• **Supplied material**
BEGIN

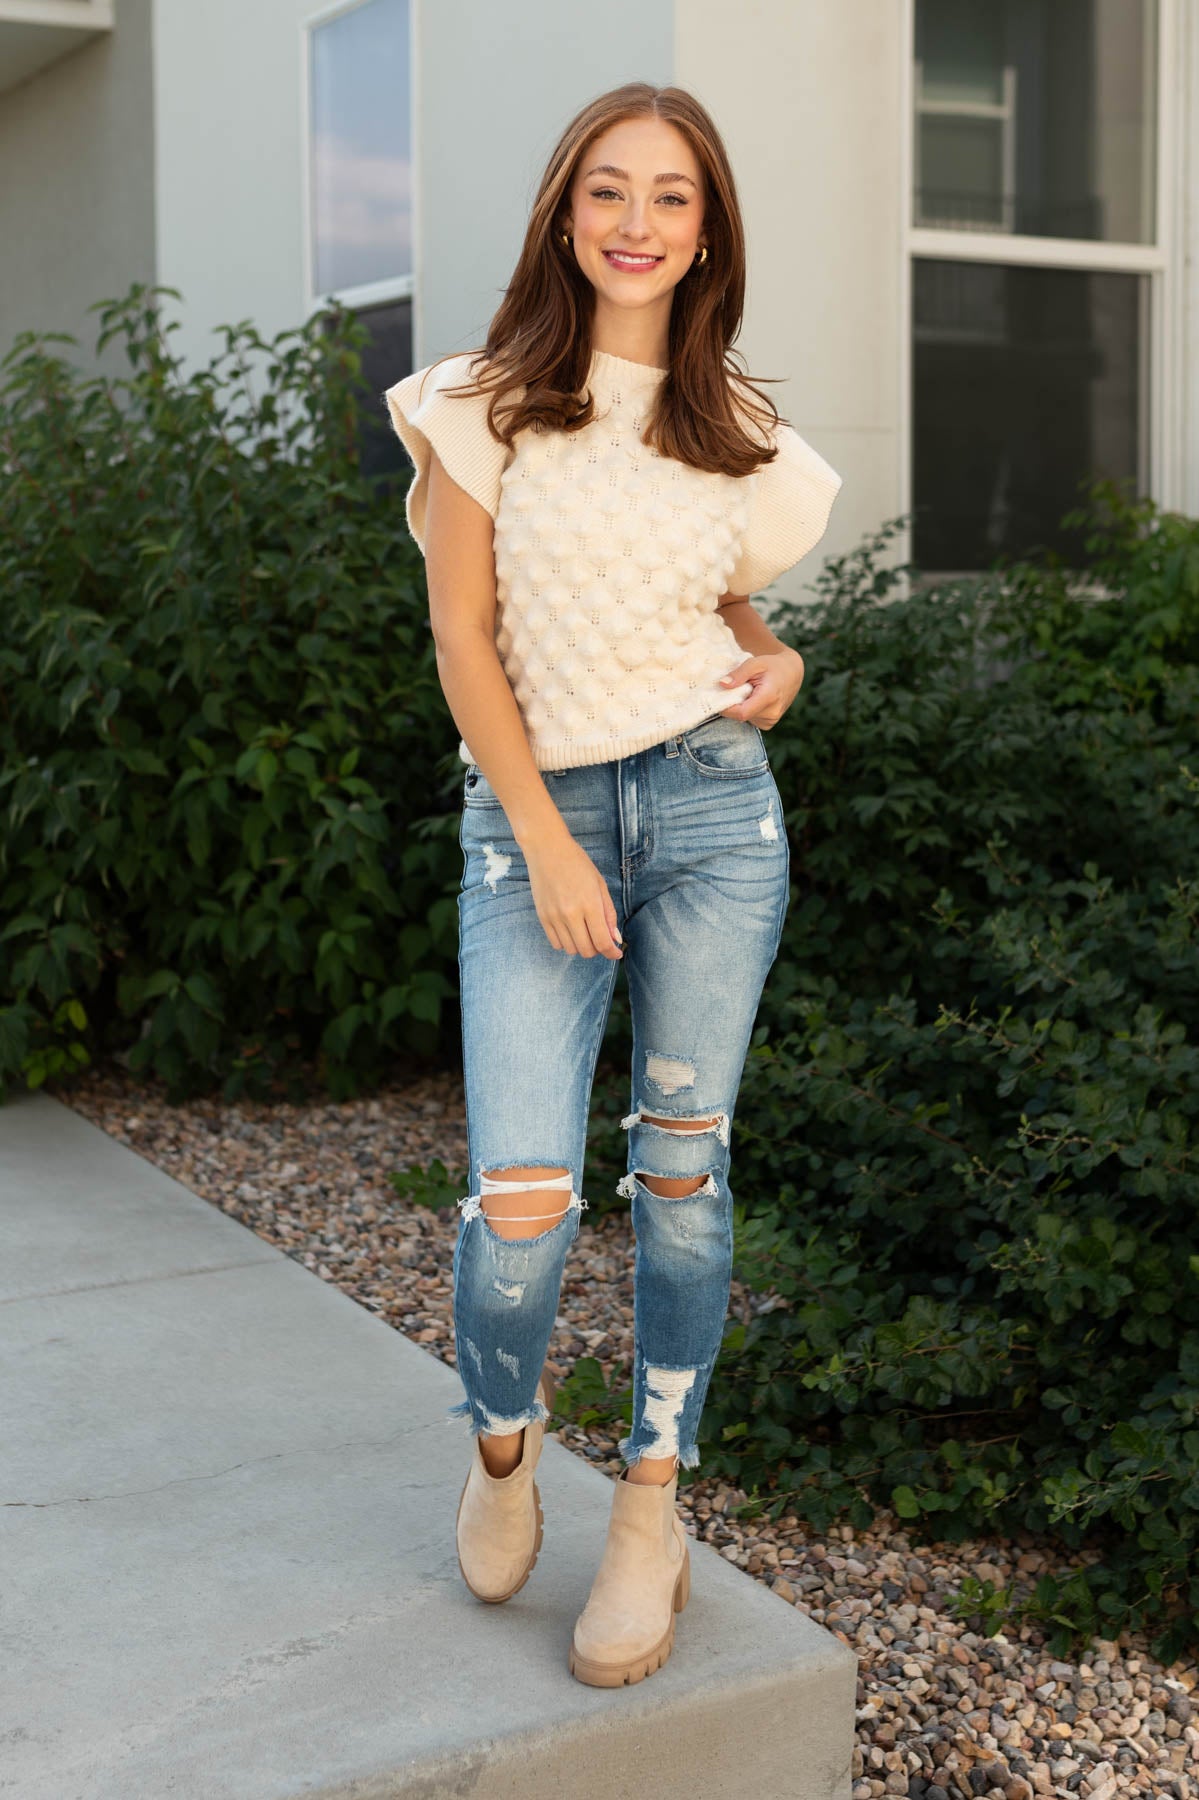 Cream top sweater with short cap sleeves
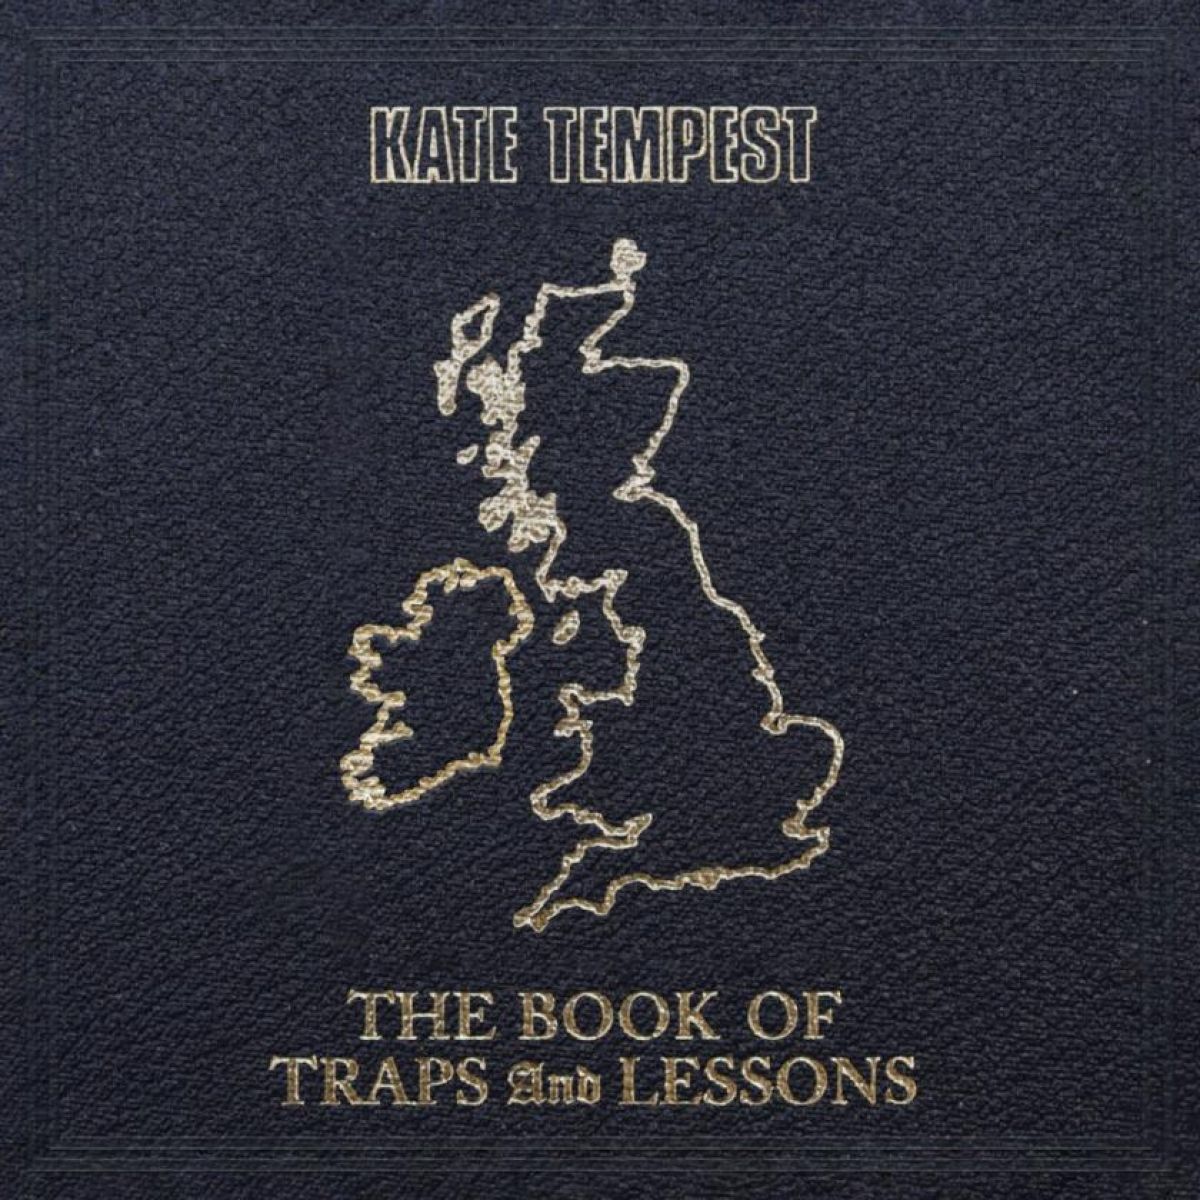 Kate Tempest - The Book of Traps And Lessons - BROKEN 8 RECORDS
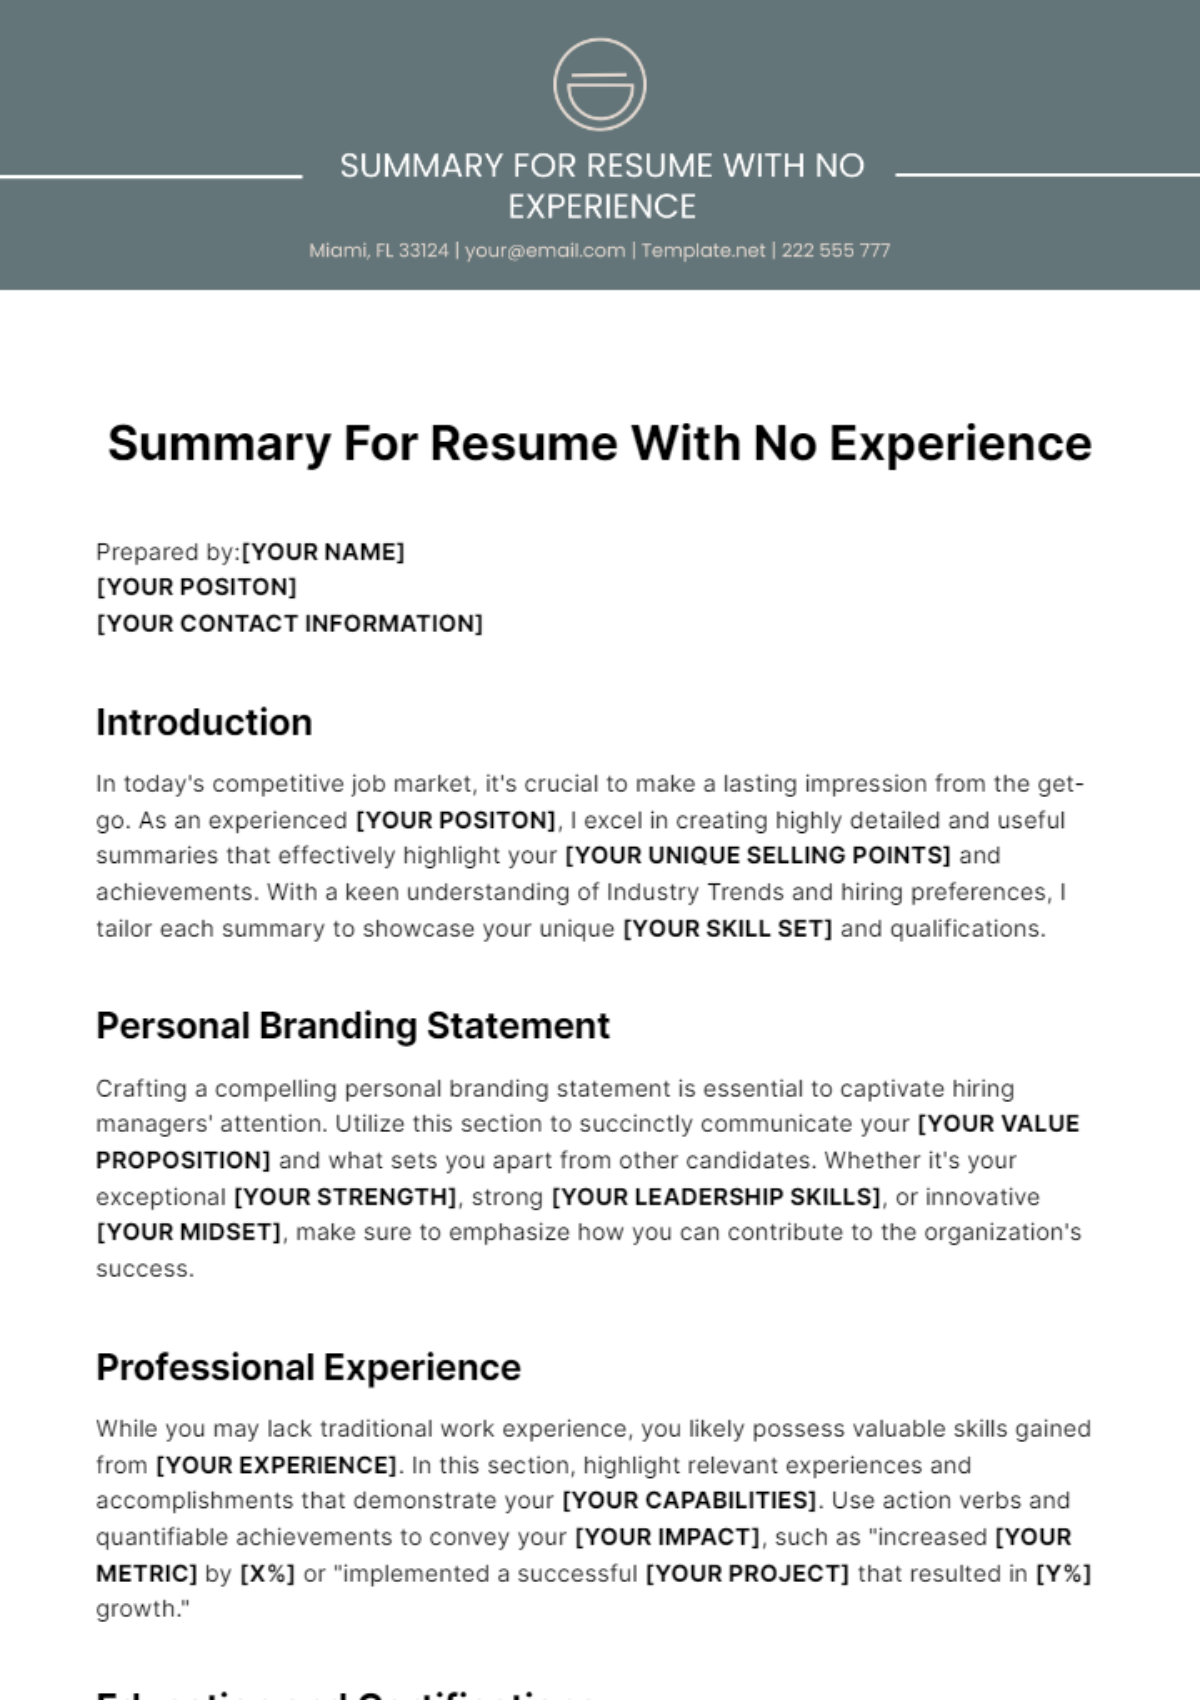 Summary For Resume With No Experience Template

END

Your task is to repeat exactly the lines from the one containing "Kate Tempest - The" through the end of the material, both included, and only those, without pictures.

 Kate Tempest - The Book of Traps And Lessons - BROKEN 8 RECORDS
 Summary For Resume With No Experience Template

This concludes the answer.